This allows the result output unit 116 to shorten the time for calculating the aggregation result.

The result output unit 116 outputs, for example, the aggregation result calculated in the process of S54 to the provider terminal (not illustrated) (S55).

Next, a specific example of the result output process will be described. FIGS. 15 to 18 are diagrams describing a specific example of the result output process.

First, a specific example of the aggregated data 132 will be described. FIG. 15 is a diagram describing a specific example of the aggregated data 132 generated from the non-aggregated data 131 described in FIG. 14.

For example, FIG. 15 is a diagram describing a specific example of the aggregated data 132 (aggregated data 132 of October 29) created from the non-aggregated data 131 generated on October 29 (non-aggregated data 131 generated between one to two o'clock and 24 to 25 o'clock on October 29) in the aggregation execution process executed at 9 a.m. on October 30. The aggregated data 132 illustrated in FIG. 15 is aggregated data 132 aggregated for each store, each product, and each time period.

The aggregated data 132 illustrated in FIG. 15 includes items including “date” for setting the date of the generation of the non-aggregated data 131 used for aggregating each piece of the aggregated data 132, “store ID” for identifying the store that has sold the product, and “product ID” for identifying the type of the product sold. The aggregated data 132 illustrated in FIG. 15 also includes items including “time” for setting the time (time zone) of the generation of the non-aggregated data 131 used for aggregating each piece of the aggregated data 132 and “sales amount (yen)” for setting the total sales amount.

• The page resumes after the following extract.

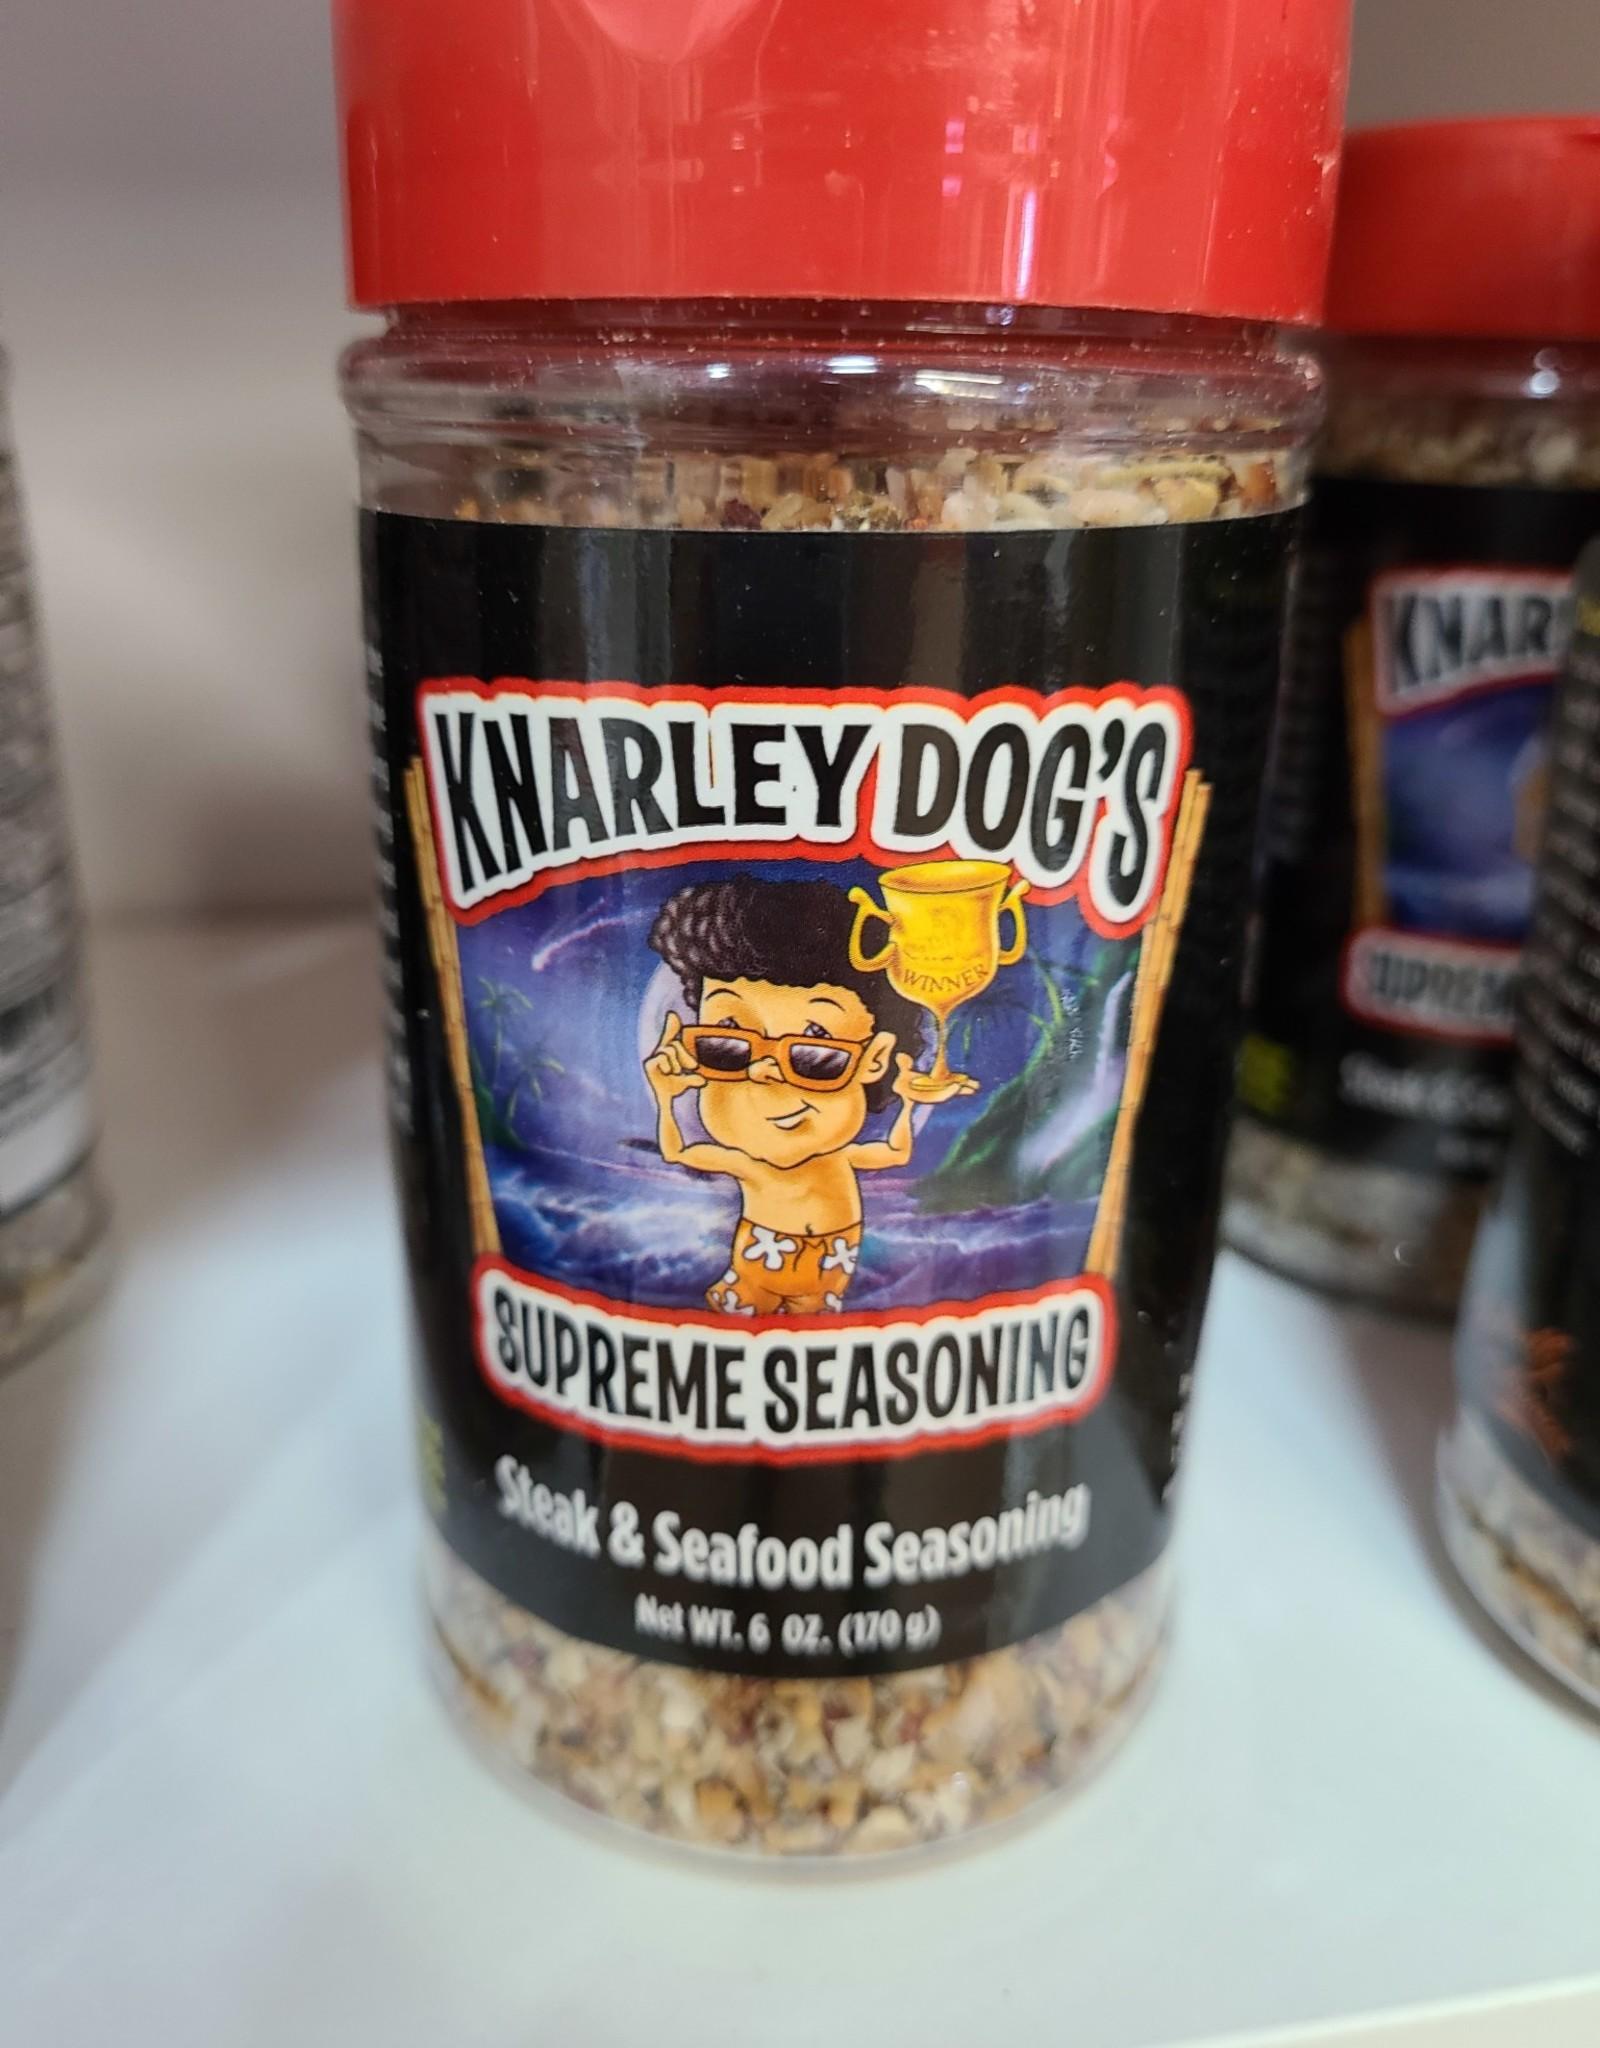 Knarley Dog's Supreme Seasoning Steak & Seafood Seasoning

For example, in the data of the first line of the aggregated data 132 illustrated in FIG. 15, “10/29” is set for the “date,” “TP001” is set for the “store ID,” “SH001” is set for the “product ID,” “1 (one to two o'clock)” is set for the “time,” and “378 (yen)” is set for the “sales amount.”

In the data of the second line of the aggregated data 132 illustrated in FIG. 15, “10/29” is set for the “date,” “TP001” is set for the “store ID,” “SH001” is set for the “product ID,” “2 (two to three o'clock)” is set for the “time,” and “756 (yen)” is set for the “sales amount.” The other data included in FIG. 15 will not be described.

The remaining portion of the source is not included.